The Wicket-Guice project is great and works as expected in most areas, so that anyone with a little experience with guice should have no problems using it within Wicket.
The main thing, Wicket-IOC does is create a Proxy to Guice-injected objects that makes it possible to serialize and deserialize (and relocate their delegates) without problems.


Wicket 7.x allows you to optionally use Objensis (instead of CGLib) by including it on the classpath to support injecting concrete classes without a default constructor. See WICKET-5922 for details. (or the Github commit)

 

 

For Wicket 6 and earlier:

The one thing I stumbled upon, where Wicket does not behave like guice should be outlined here.
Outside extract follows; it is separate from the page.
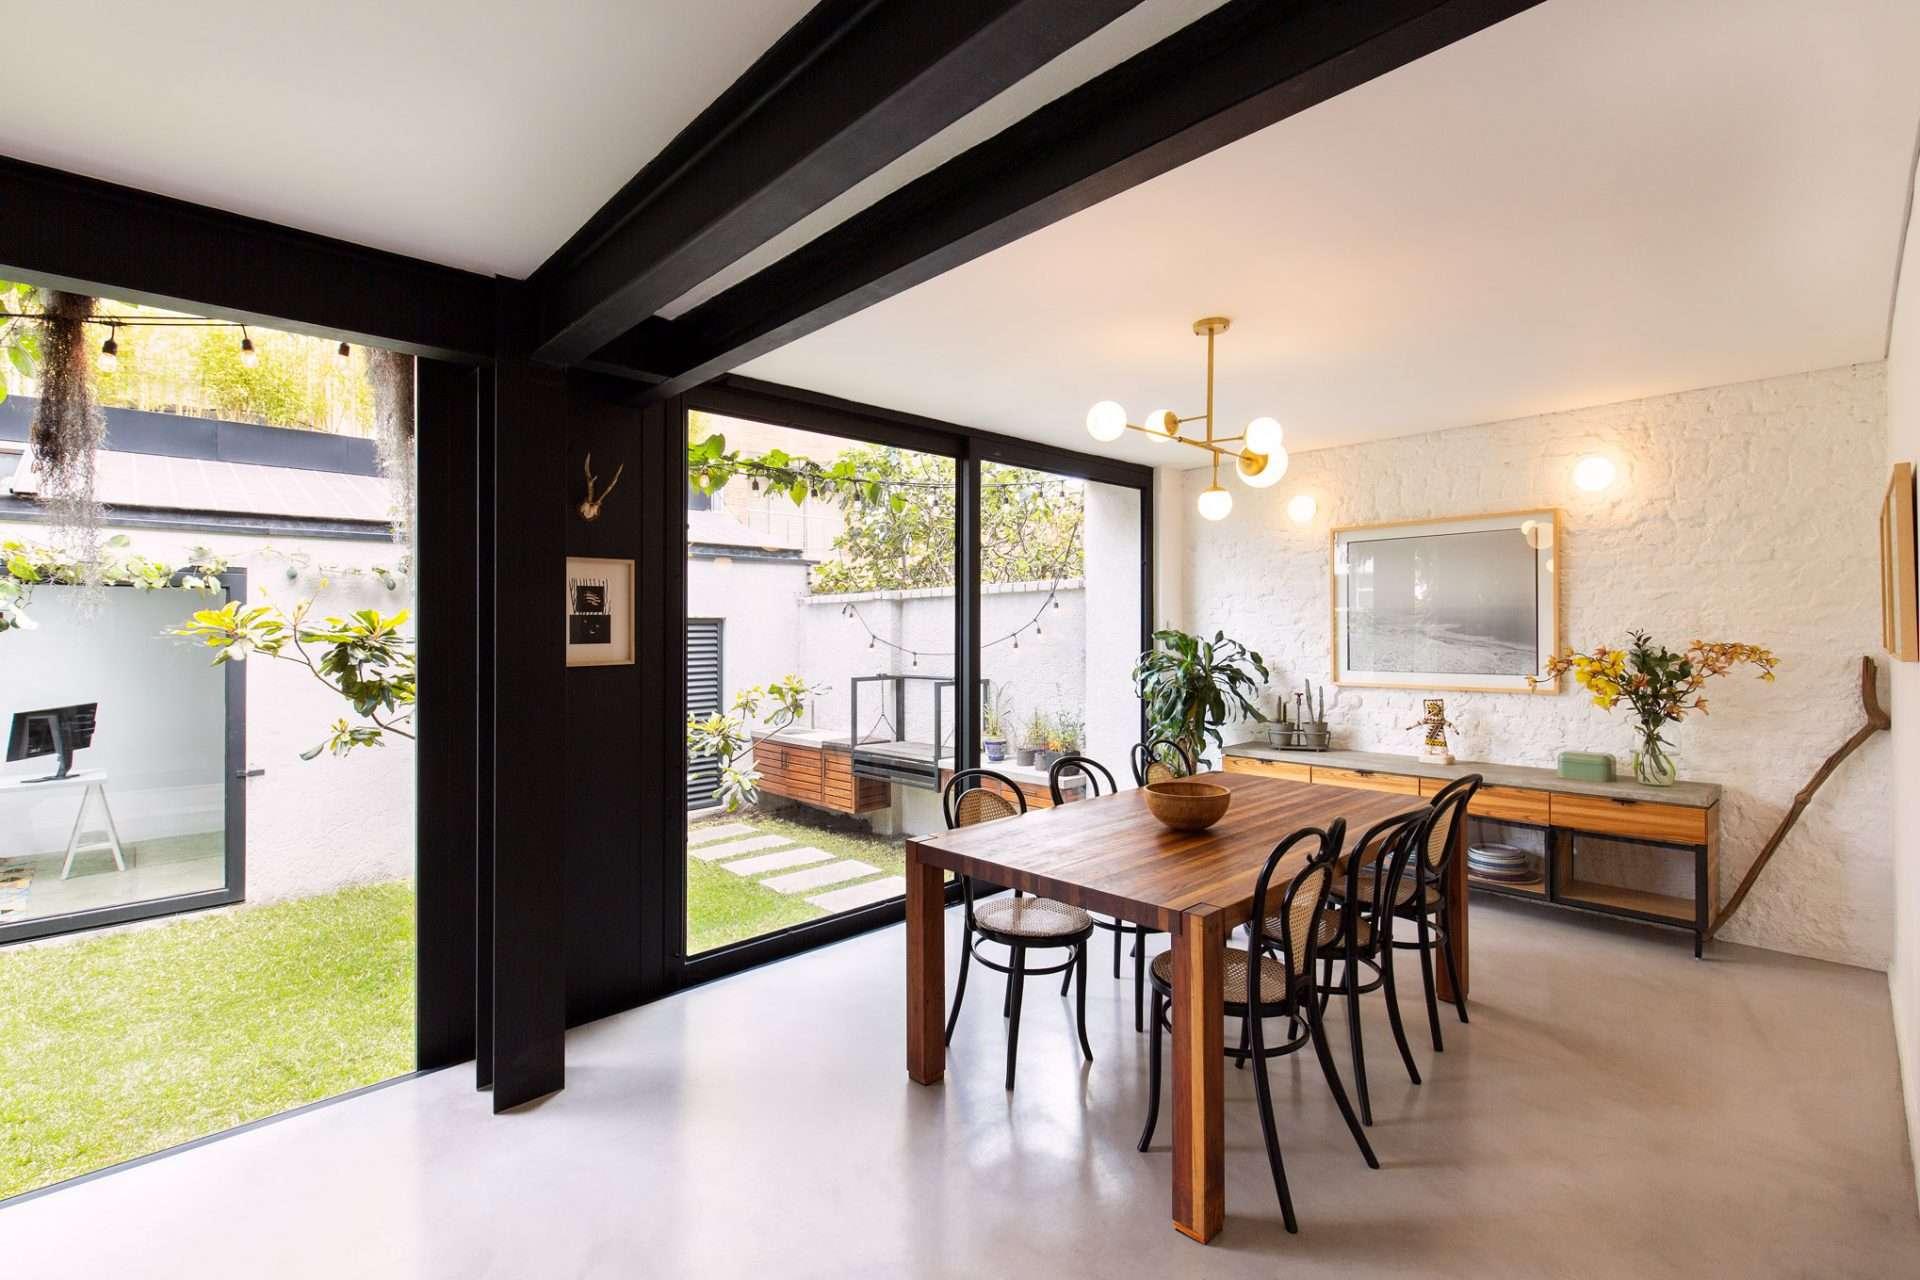 10.oberlaenderarquitectos.arquitectura.simonboschphotography.simon.bosch.bogota.interior.habitar

If you´re not interested in the technical details, just take this advice:

When using Guice to inject objects that you reference directly (without an interface), and you´re using constructor injection on these Objects, add a protected non-arg constructor to make it work.

This is why:

Wicket-Guice, or - to be more precise -, Wicket-IOC uses a dynamically created Proxy to intercept the calls to the Guice-Injected reference. When dealing with an interface, the proxy is created with the JDK-provided proxy facility.
If - on the other hand - it is not, Wicket-IOC uses CGLib to create a subclass instead and adds an Interceptor, so that any calls to the newly created instance of this subclass can be rerouted to the original reference.
Within here is a litte problem: Wicket-IOC has to create an Instance of the newly created subclass.

Imagine the following code:

public class FooServiceImpl{
 @Inject public FooServiceImpl(BarService bar){
  [...]
 }
}

Guice happily creates an instance of FooServiceImpl where needed and injects a BarService if it is bound. You´ll now want to use it with Wicket Components:

public class XYPage extends WebPage
{
  @Inject FooServiceImpl foo;
}

What happens is, Wicket-IOC has to create a Subclass via CGLib and then create an Instance of that class. Even if the instance is never going to receive any call, is needed to make the interception work.
By the time of writing (Wicket-1.3rc1) it does this simply by assuming the class has a non-arg constructor. Even if Wicket-IOC would try to cheat by using the constructors that are visible instead, it would be hard to know, what values to use, if it did not mimic what guice does.
So if you really need that configuration (no interfaces, and no non-arg constructors) you could modify your class

public class FooServiceImpl{
 @Deprecated protected FooServiceImpl(){}
 @Inject public FooServiceImpl(BarService bar){
  [...]
 }
}

Guice will favor the parametrized Constructor, so that everything works as expected. One downside of this is the problem that arises from private final member that will now have to be assigned in order to get the class through the compiler.

Previous Issue for fixing this (marked as won't fix) was WICKET-1130.